Monday, May 16, 2016
Series vs. standalone
by Meredith Cole
I wrote my first book, POSED FOR MURDER, with the intention of starting a series. I thought long term. I made my heroine, Lydia McKenzie, single and in her twenties so she and I would have room to grow. I loosely plotted several books, and wrote two more in the series. She changed a little over the course of the three books and started to mature. I learned more about her and so did the reader.
I enjoy reading series, and it's fun not to have to say goodbye to a character. I imagine it's sort of like writing a TV series as opposed to a movie. The story can (and does) go on and on. The characters can grow and change, and the story lines can deepen.

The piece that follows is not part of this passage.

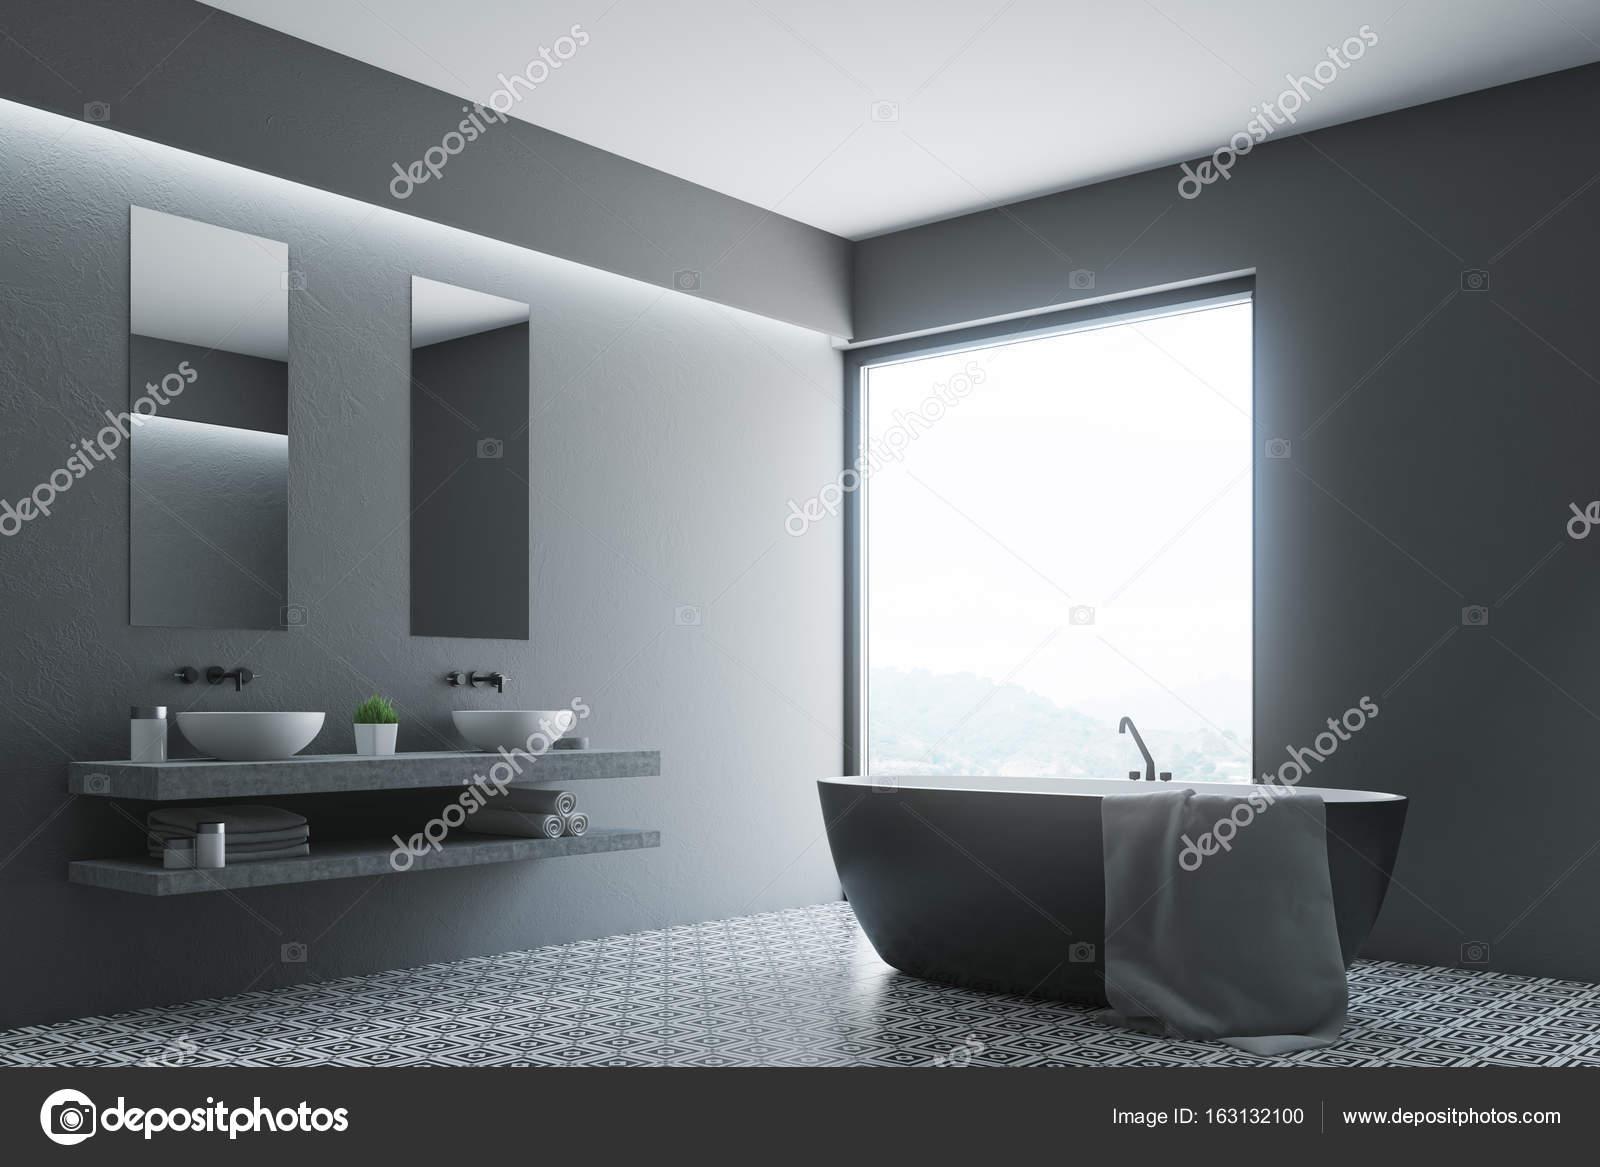 Bagno grigio rotonda vasca angolo poster foto stock - Vasca da bagno grigia ...

The past couple of years, I've worked on a standalone. It's been a different sort of experience. The characters only need to exist and live during the book itself. I don't have to worry what I'll do with them in the next book if they have a child or get married or whatever. I could take risks that I never would have dared to do in a series. But when I got to the end, that was truly the end. Which got me to thinking about what would happen if it were the start to a series... Which makes me understand why so many writers start series when they finish a book. They miss the characters too much when the book is finished.
So which do I prefer?
I think I enjoy mixing it up. The next two books I'm planning are the start to a new series and then another standalone. And then I'll probably write another short story. And hopefully whatever I prefer, standalone or series, will be exactly what I'm writing at that moment.